Okay, so, I'm not really depressed. I'm actually far from it, but any excuse I have to make a pouty face, I'll take it. I do have a lot on my mind though, and I have not really had a good night's sleep in several days. I'm not complaining as they've been great nights, there's just been no sleeping. I think the exhaustion of going going going, along with the excessive (excessive for me) drinking, has finally caught up with me. But now with a good six hours of sitting, resting, reading, munching, and television watching under my belt, I am ready to go non-stop for another week.
I've decided a few things today, while sitting on my lazy keister. I've decided I know nothing about dating; I don't know how to do it, and it scares the hell out of me. I've decided that unless you are going somewhere fabulous, a week and a half off from work is really unnecessary. I've also decided that I still am not where I belong. I'm not unhappy, but I'm not where I belong. I need to figure out what I'm going to do about it.
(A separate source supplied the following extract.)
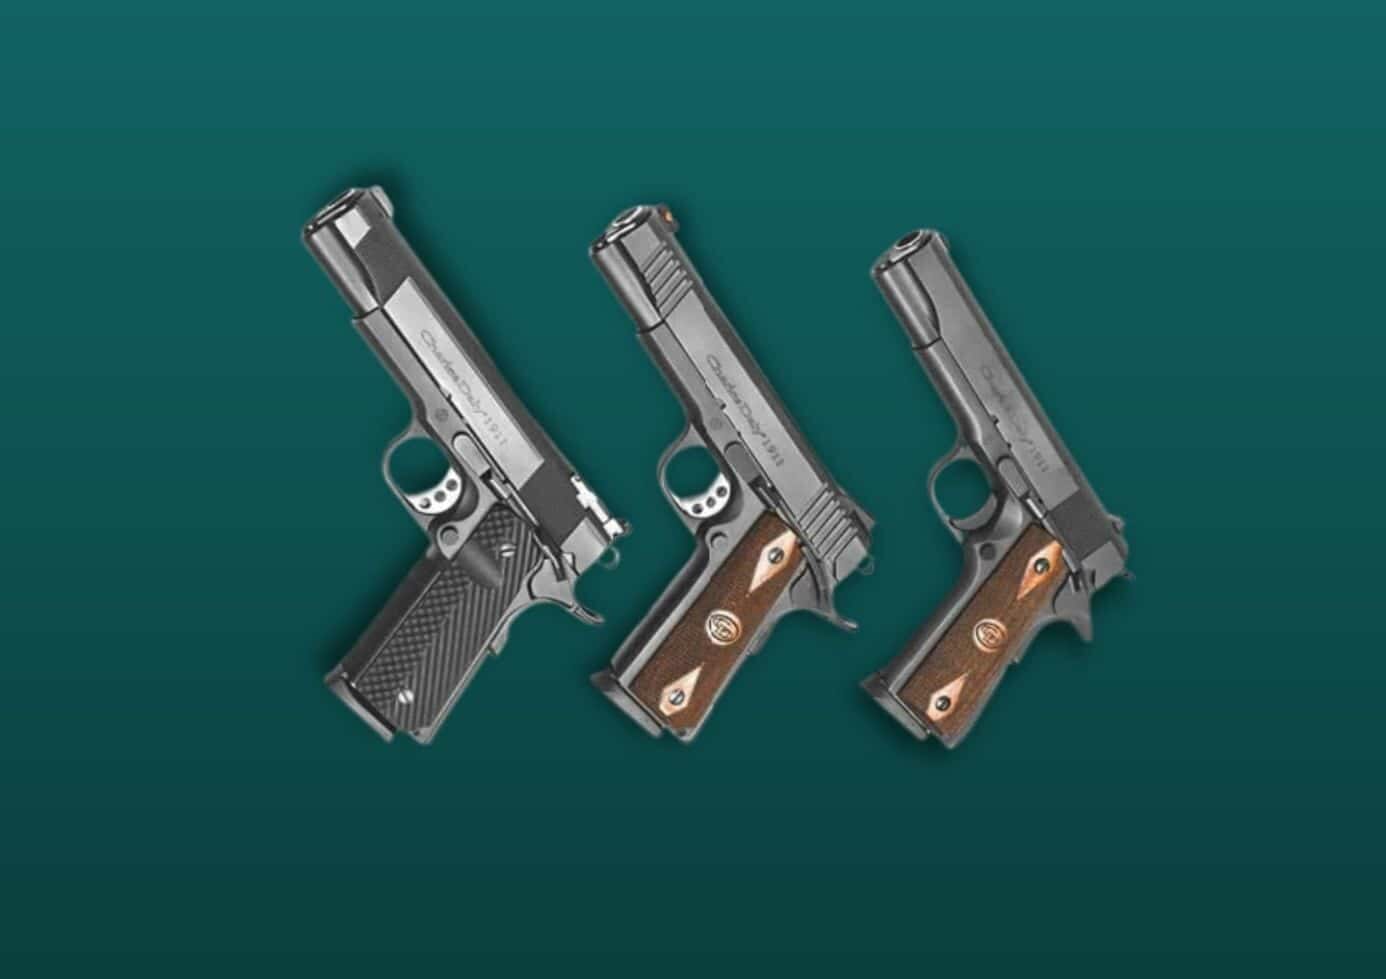 Charles Daly 1911 handguns
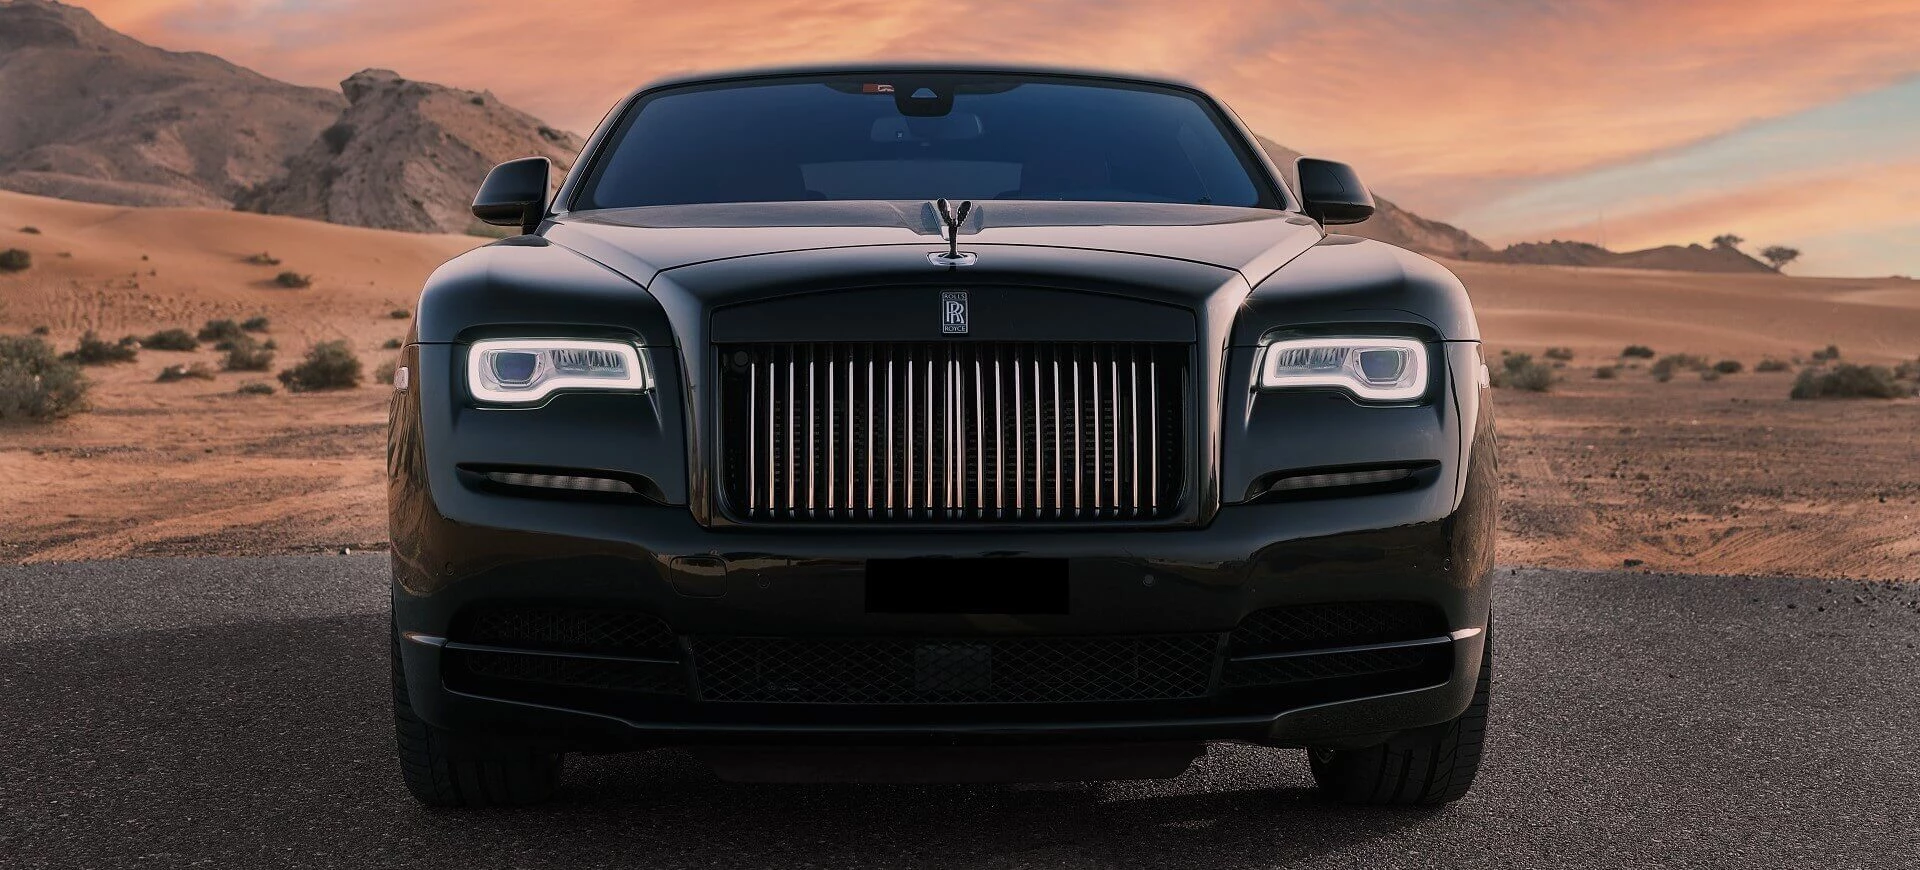 Rolls Royce Wraith huren in Dubai

I read the first 40 pages of Into the Wild this morning. It made me cry. I want to leave life as I know it sometimes. Actually, I want to disappear a lot of the time. There is this fire of exploration and discovery that burns inside of me, and its embers are red hot inside my soul! I want to see every part of the world and bathe in it's beauty. I want to meet people, and learn from them. I want to be surrounded by the dangers that lurk in the shadows of the most remote locations, and then bask in the serenity of the most picturesque settings. I want no possessions. I want to explore not only the world, but have the freedom, time and space to explore my self. Not myself, but my "self," that innermost part of my being. I am wondering if I should've left when I originally planned on going. I don't regret anything thus far in my life, but I fear that if I never go, that would be the one thing in my life that would make me saddened on my death bed.
On a completely different note, I'd like to use the word "austere" more often.